El Paso County District Court No. 99CV1827

Honorable Steven T. Pelican, Judge


W.O. Brisben Companies, Inc.,
Plaintiff-Appellee and Cross-Appellant,
Eric Krystkowiak,
Defendant-Appellant and Cross-Appellee.


Division III


Ney and Roy, JJ., concur
August 29, 2002


Deutsch, Spillane, Reutzel & Foster, P.C., John M. Spillane, Denver, Colorado; Hall & Evans, L.L.C., Alan Epstein, Denver, Colorado, for Plaintiff-Appellee and Cross-Appellant
Anderson, Dude & Lebel, P.C., Lawrence A. Hecox, Lenard Rioth, Colorado Springs, Colorado, for Defendant-Appellant and Cross-Appellee
Kelly, Haglund, Garnsey & Kahn, L.L.C., Lori Potter, Denver, Colorado, for Amicus Curiae SLAPP Resource Center

In this tort action for intentional interference with a contract, defendant, Eric Krystkowiak, appeals from a judgment granting his motion to dismiss, but denying his request for attorney fees and costs. Plaintiff, W.O. Brisben Companies, Inc. (Brisben), cross-appeals the judgment dismissing the action.

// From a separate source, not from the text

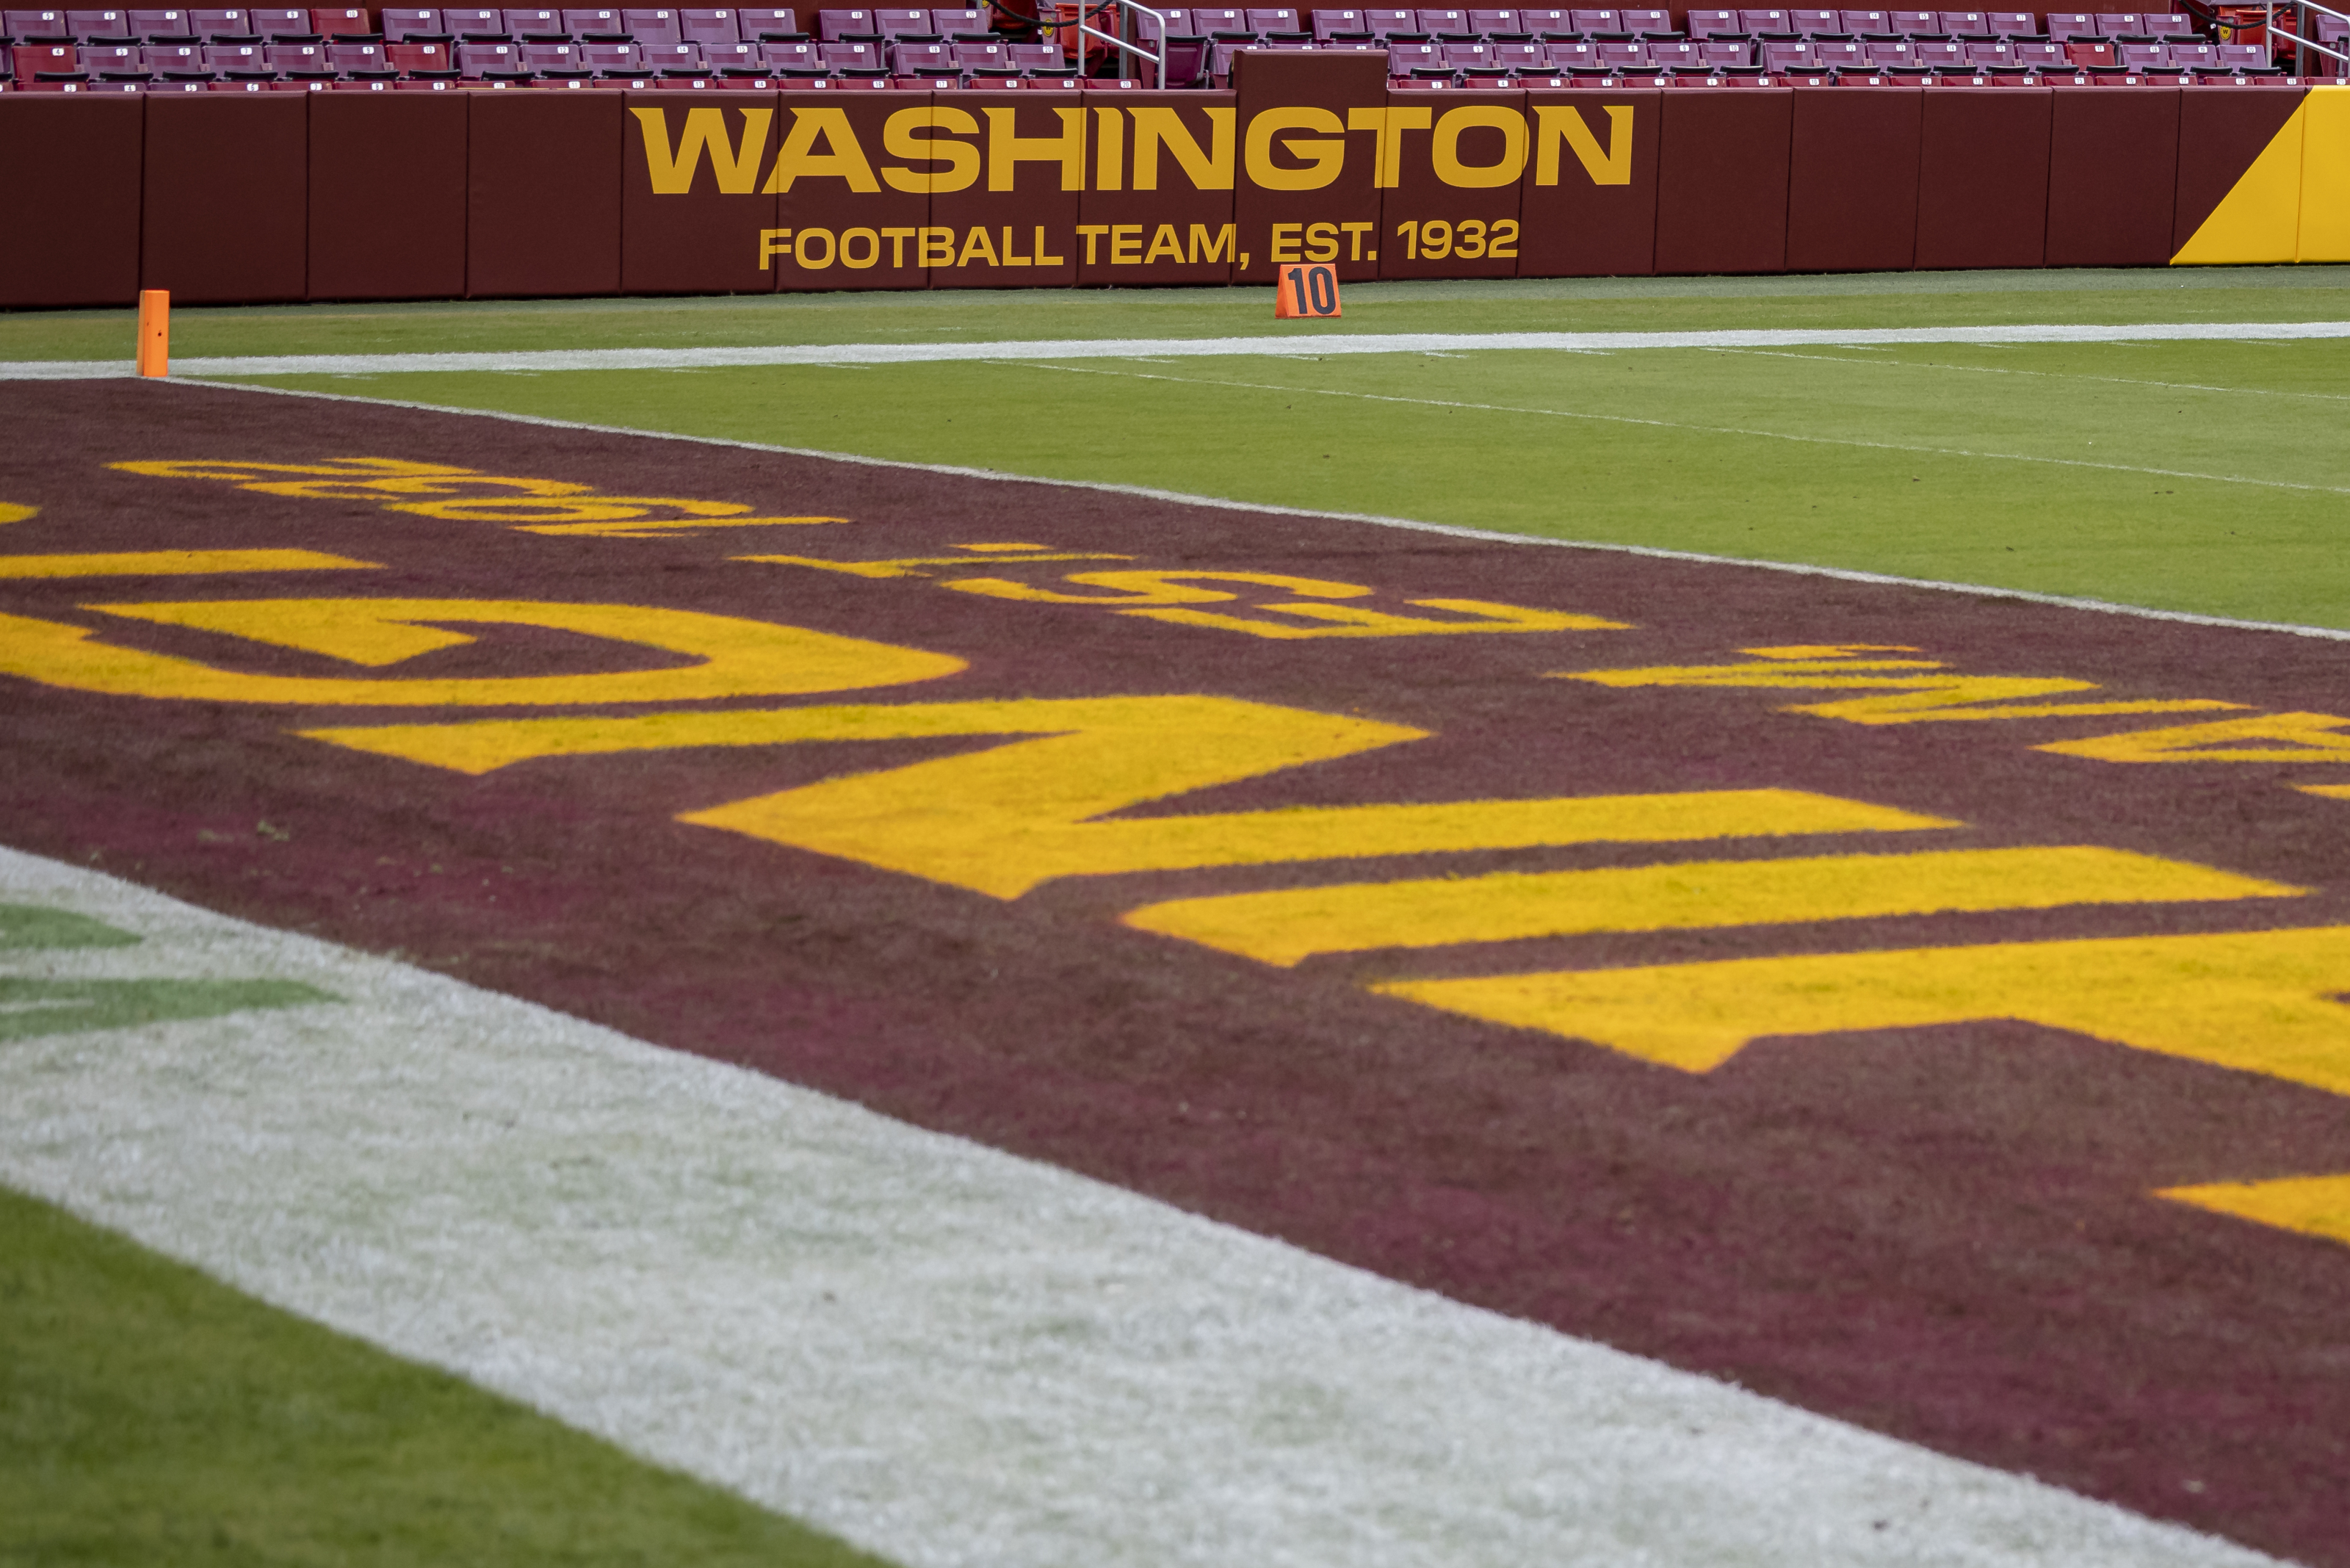 Madden 23 will likely have Washington Football Team's new name

We affirm in part, reverse in part, and remand.

Brisben proposed to build an apartment complex on vacant land located directly across the street from Krystkowiak’s house.

Krystkowiak and his neighbors organized the Northeast Colorado Springs Neighborhood Association (NECSNA) to oppose Brisben’s project. Krystkowiak, an unpaid volunteer, was NECSNA’s Design Committee Chair and Spokesperson.

NECSNA alleged that Brisben’s project violated City of Colorado Springs zoning and planning ordinances. The city planning commission coordinated a mediation session between NECSNA, Brisben, and city staff.

Krystkowiak attended the lengthy mediation session on NECSNA’s behalf. While it is disputed whether the mediation resulted in an agreement between the parties, it is not disputed that at some point, NECSNA’s president signed a draft settlement agreement. Krystkowiak did not, however, sign the agreement, even though a separate line for his signature was provided.

Under the terms of the alleged agreement, Brisben was to make certain modifications to its proposed project, and NECSNA was to discontinue its opposition to the project. However, Krystkowiak continued to appear before the city council on behalf of NECSNA in opposition to Brisben’s project. Ultimately, the city rejected Brisben’s proposed project because it did not comply with city code.

Thereafter, Brisben filed the present suit against both NECSNA and Krystkowiak for $16 million in damages. In its complaint, Brisben alleged that Krystkowiak’s continued opposition to the project, after NECSNA contracted to discontinue its opposition, constituted a breach of contract by NECSNA and intentional interference with the contract by Krystkowiak.

Claiming immunity from liability under the First Amendment to the United States Constitution and the Volunteer Service Act, § 13-21-115.5, C.R.S. 2001, Krystkowiak filed a C.R.C.P. 12(b) motion to dismiss for lack of subject matter jurisdiction.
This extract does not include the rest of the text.